Some of the prices are eye watering for kits which dont seem anything special at all ... 

All about supply and demand i suppose ... Shame Hannants website is so clunky


----------



## fubar57 (Oct 16, 2012)

Anarchy in the modeling world, I like it!.....relevant prices, greater variety in the larger scales etc. I nominate Terry for King and I'll be Minister in Charge of Super Models Posing with Preview Models.

Geo


----------



## Lucky13 (Oct 16, 2012)

Not only do I wonder about the fairy tale land prices of things, clearly, these people have either smoked magic mushrooms, eaten happy brownies or anything similar, but why is there so few aircraft from the Golden Era of the 20's and 30's in the larger scales, especially 1/48?


----------



## meatloaf109 (Oct 16, 2012)

Testors has the old "Hawk" molds for some of the golden age of racing planes.


----------



## tigerdriver (Oct 16, 2012)

Lucky13 said:


> Not only do I wonder about the fairy tale land prices of things, clearly, these people have either smoked magic mushrooms, eaten happy brownies or anything similar, but why is there so few aircraft from the Golden Era of the 20's and 30's in the larger scales, especially 1/48?



Looking ahead to the next GB i am finding this very disappointing too ...


----------



## Lucky13 (Nov 11, 2012)

Not only kits, just been at Amazon.co.uk....

Sea Eagles: Vol. 1, Luftwaffe Anti-Shipping Units 1939-1941 (Luftwaffe Colours) - Chris Goss; Paperback, See other used offers from _*£299.99!!??*_

Famous Russian Aircraft: Tupolev Tu-95/Tu-142 - Yefim Gordon; Hardcover, See other used new offers from _*£238.36!!??*_ 

Nachtjagd War Diaries Vol 2 An Operational History of the German Night Fighter Force in the West, April 1944 - May 1945 - Dr.

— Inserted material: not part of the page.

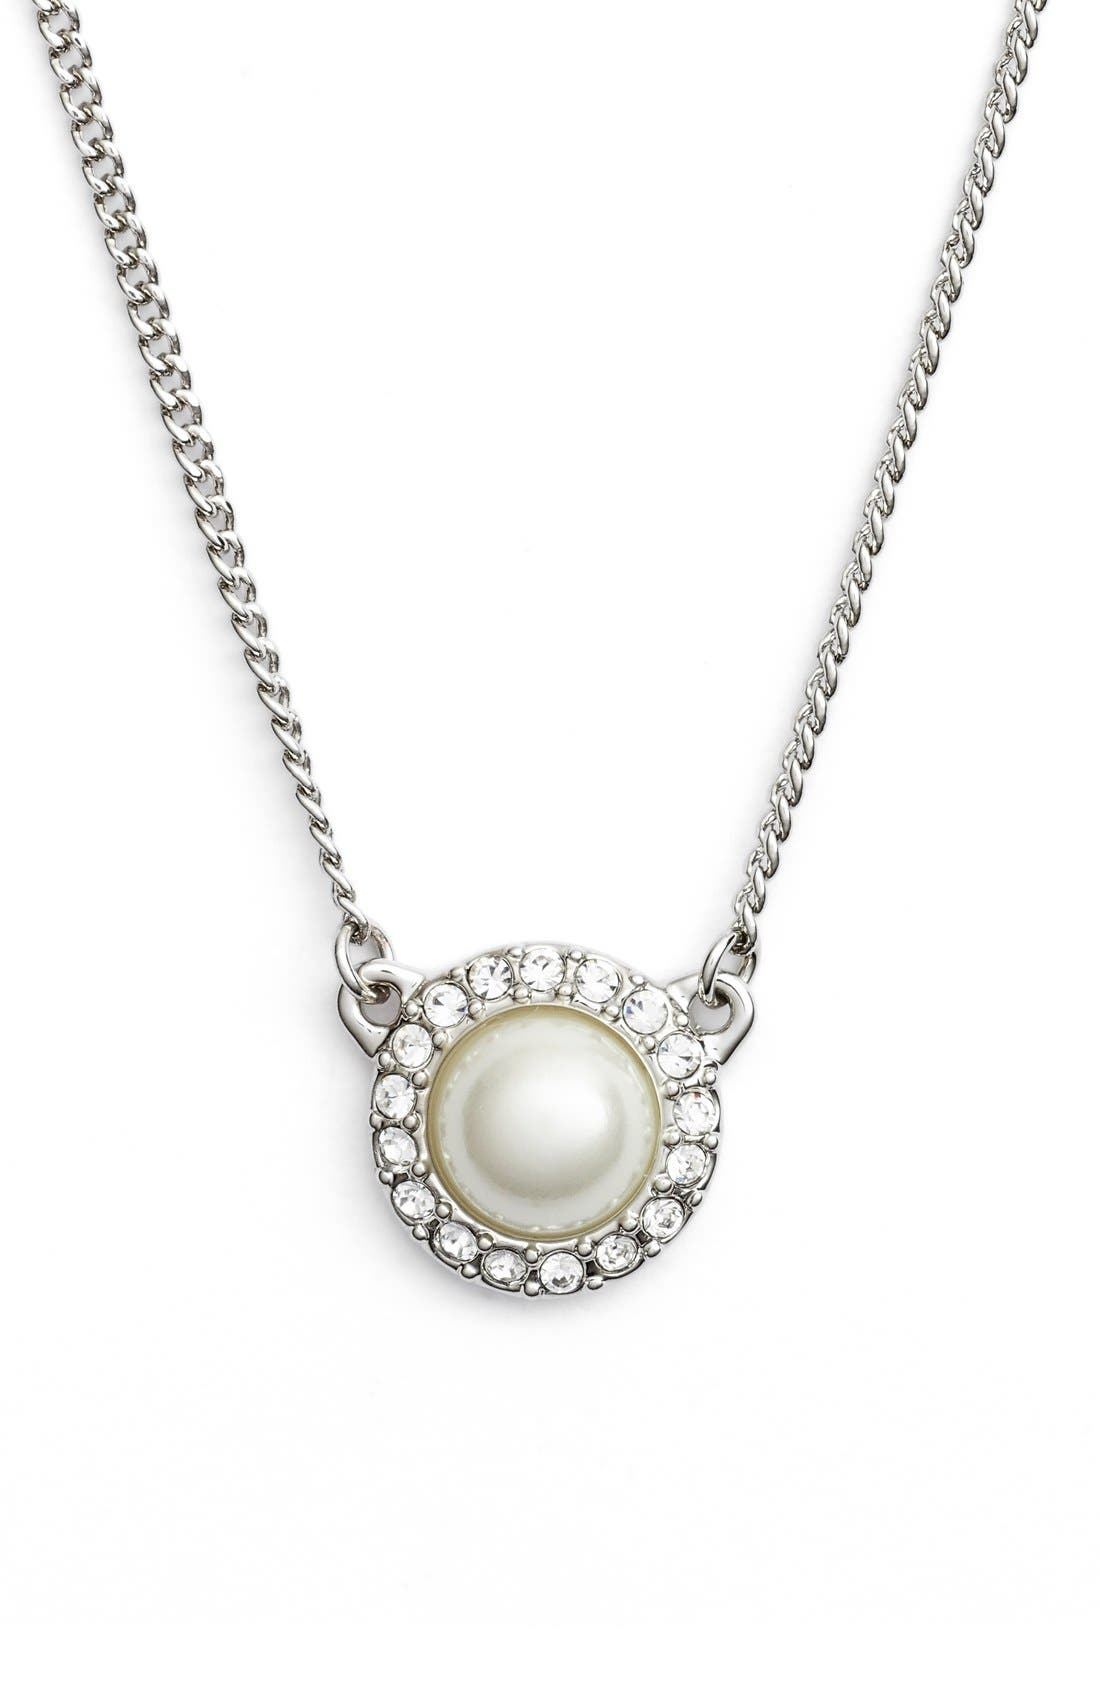 Main Image - Givenchy Imitation Pearl Pendant Necklace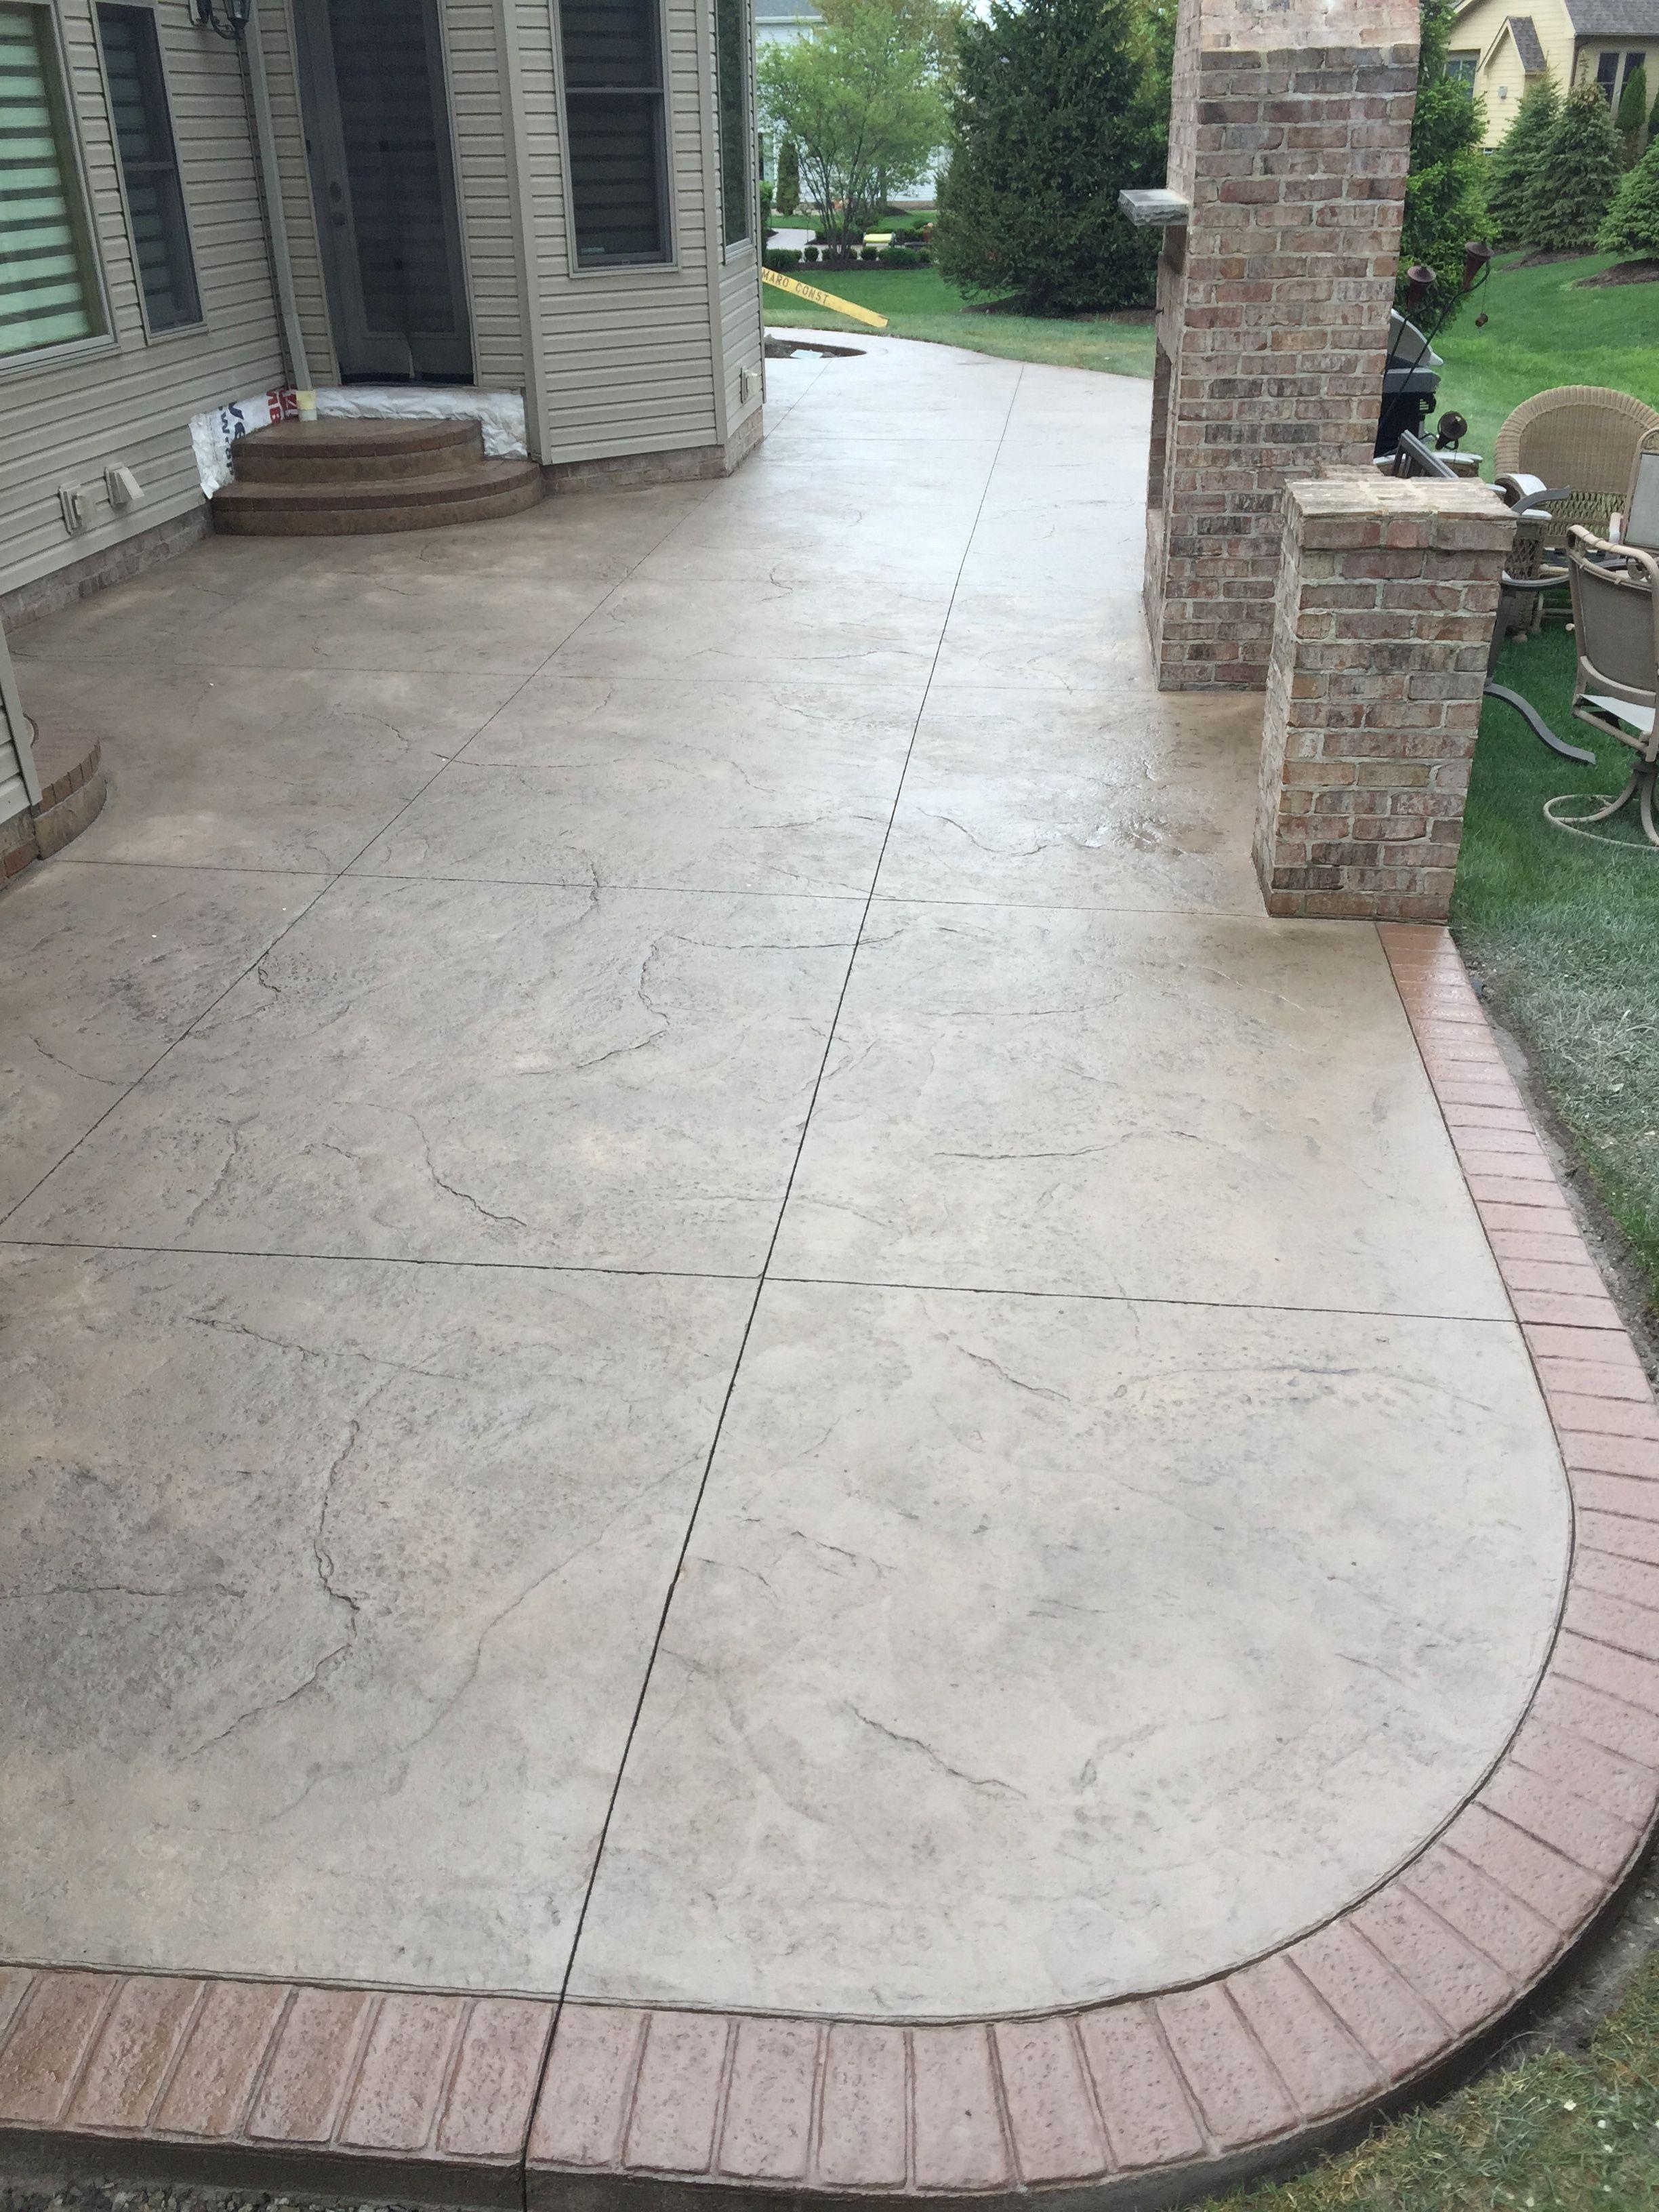 Stamped patio w 2 sets of landingssteps w matching brick borders  facing on landingssteps

Theo Boiten; Hardcover, See other new offers from _*£13,119.20!!!???*_ 

The last one _sure_ has to be a mistake, right...


----------



## rochie (Nov 11, 2012)

that last book must be heavy being made of solid gold !!!!


----------



## Lucky13 (Nov 11, 2012)

...and ivory, marble, all kinds of precious stones and written in hippocroccofrog blood!
Some people really need a reality check and soon!


----------



## Airframes (Nov 12, 2012)

What _really_ p***es me off about this sort of pricing, is that the prices are inflated due to collectors - people who have absolutely no intention of building the kit(s) in question, or reading and referring to a particular book; they just want it in their 'collection', knowing the value will (probably) rise, and they can smuggly say "I've got that!"
This means there are probably, for example, 100 Airboxevell Messfire BW 209 kits, which real modellers want _to build_, sitting in a cupboard with the boxes unopened, just because some speculating bunch of numpties bought them for 'collections'. Grrrrr!!


----------



## Lucky13 (Nov 12, 2012)

Who were fed dogs sphericals as a child!!


----------



## Airframes (Nov 12, 2012)

By a Hippocroccofrog!


----------



## Lucky13 (Nov 12, 2012)

Bl**dy tempted to send Amazon.co.uk an email and ask about this....


----------



## Airframes (Nov 13, 2012)

But they're just the agent old chap - it's the actual sellers who need a kick up the ejection port!


----------



## Lucky13 (Nov 13, 2012)

Time for a change of policy then, no silly f*nny money, keep it real!


----------